No other society in this model does as much for ensuring survival as the wf-society. The price to pay under the same fixed distribution is the most modest standard of living of individuals in this society.

The sf-society forms the other extreme. Under the given assumptions this society does the most for the standard of living of the few. However, it jeopardizes the prospects of survival more than any other society.

Both extreme societies form an quasi-envelope for any society in the sense that, in the long run, no society can exceed these bounds. We call it a quasi-envelope because the wf-society leads to a definite, uniform upper bound process whereas the sf-society leads only to a very probable lower bound process.

However, one can also show that there cannot be a better definite lower bound process for all processes. It lies in the nature of the problem and in our intention to cover all possible policies that no further improvement is possible.

Tractability of the model

Clearly, RDBP's are still relatively simple models compared with what we expect we would need to model societies in a most realistic way. However, there are strong reasons why they should earn our attention.

Firstly, of course, it is not realistic to look out for a perfect model, and, keeping this in mind, RDBP's seem to be a good approach because they give considerable room for modeling aspects.

Secondly, RDBP's yield, as we have seen, not only a strong Envelopment Theorem for societies but also explicit survival criteria in form of quantifiable critical relationships between society forms. This fact should not be taken for granted. As we have seen in the general definition of RDBP's, realistic society forms will typically impose complicated structures. Almost all interesting forms are too complicated to be tackled by generating functions or martingale arguments, the most powerful tools in branching process theory.

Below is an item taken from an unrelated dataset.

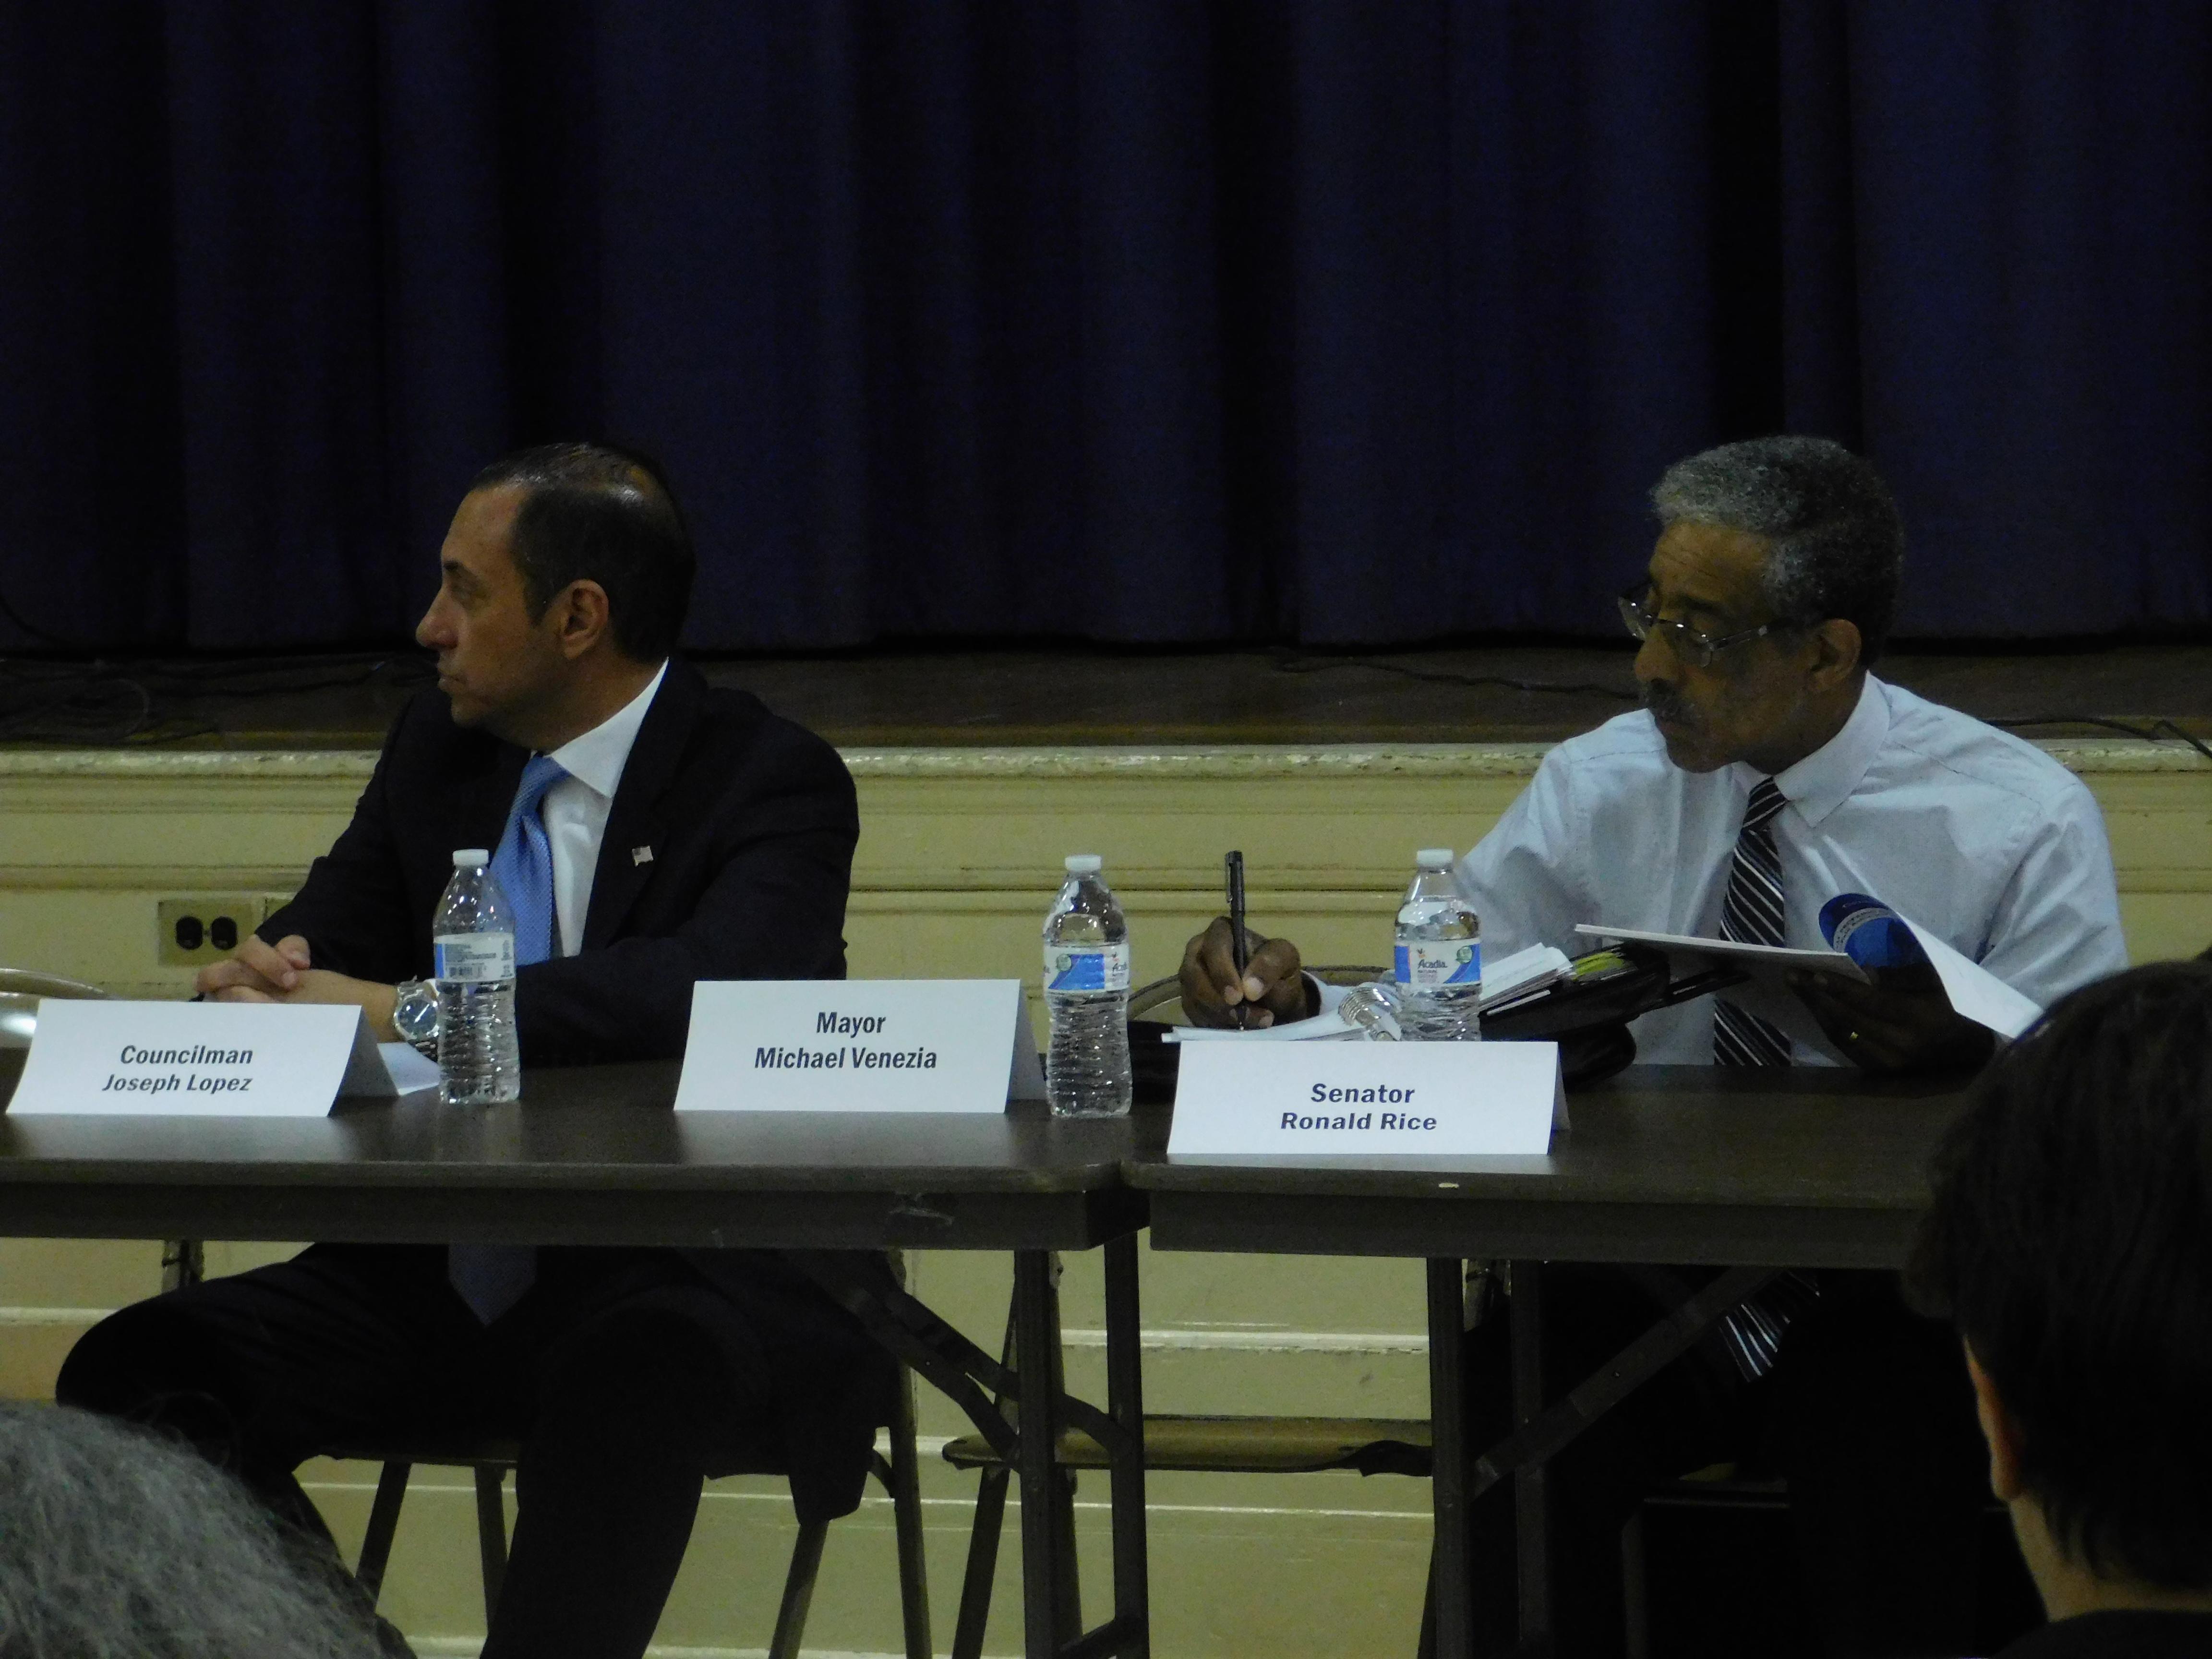 Senator Ron Rice (left) also spoke at the discussion.

Thirdly, RDBP's are remarkably robust. The main results owing from them hold in more general settings. So, in particular, consider the assumption that reproduction within a RDBP is asexual (Galton-Watson process assumption). It is interesting to know what happens if we replace this assumption by the natural assumption that reproduction depends on two sexes. (See Molina (2010) for a review of known results in this domain).

The answer is in fact in favor of RDBP's. Since survival is only possible if the RDBP can grow without limits, the asexual reproduction mean m can here be substituted by the so-called limiting average reproduction mean. The average reproduction mean for a total of $k$ mating units $m(k)$ is defined in equation (1) of B.(1984). In the notation of the present paper it translates into

$m(k) = \frac{1}{k}$E$(D_n(\tilde{\Gamma}_n)|\tilde{\Gamma}_n=k)$, (27)

where, unlike $\Gamma_n$, the modified $\tilde{\Gamma}_n$ counts now the number of "mating units" (and not individuals) present in generation $n$, and $D_n(\tilde{\Gamma}_n)$ denotes the number of mating units generated by these for the next generation. If $\ell:= \lim_{k \rightarrow \infty} m(k)$ exists - and this is the case for the majority of natural mating functions - then the specific form of the mating function becomes irrelevant for extinction criteria as soon as the population size has become sufficiently large. (See also Daley et al. (1986).) Hence the generalization to sexual reproduction may affect the initial chances of reaching larger numbers of individuals within a RDBP but does not affect the main results.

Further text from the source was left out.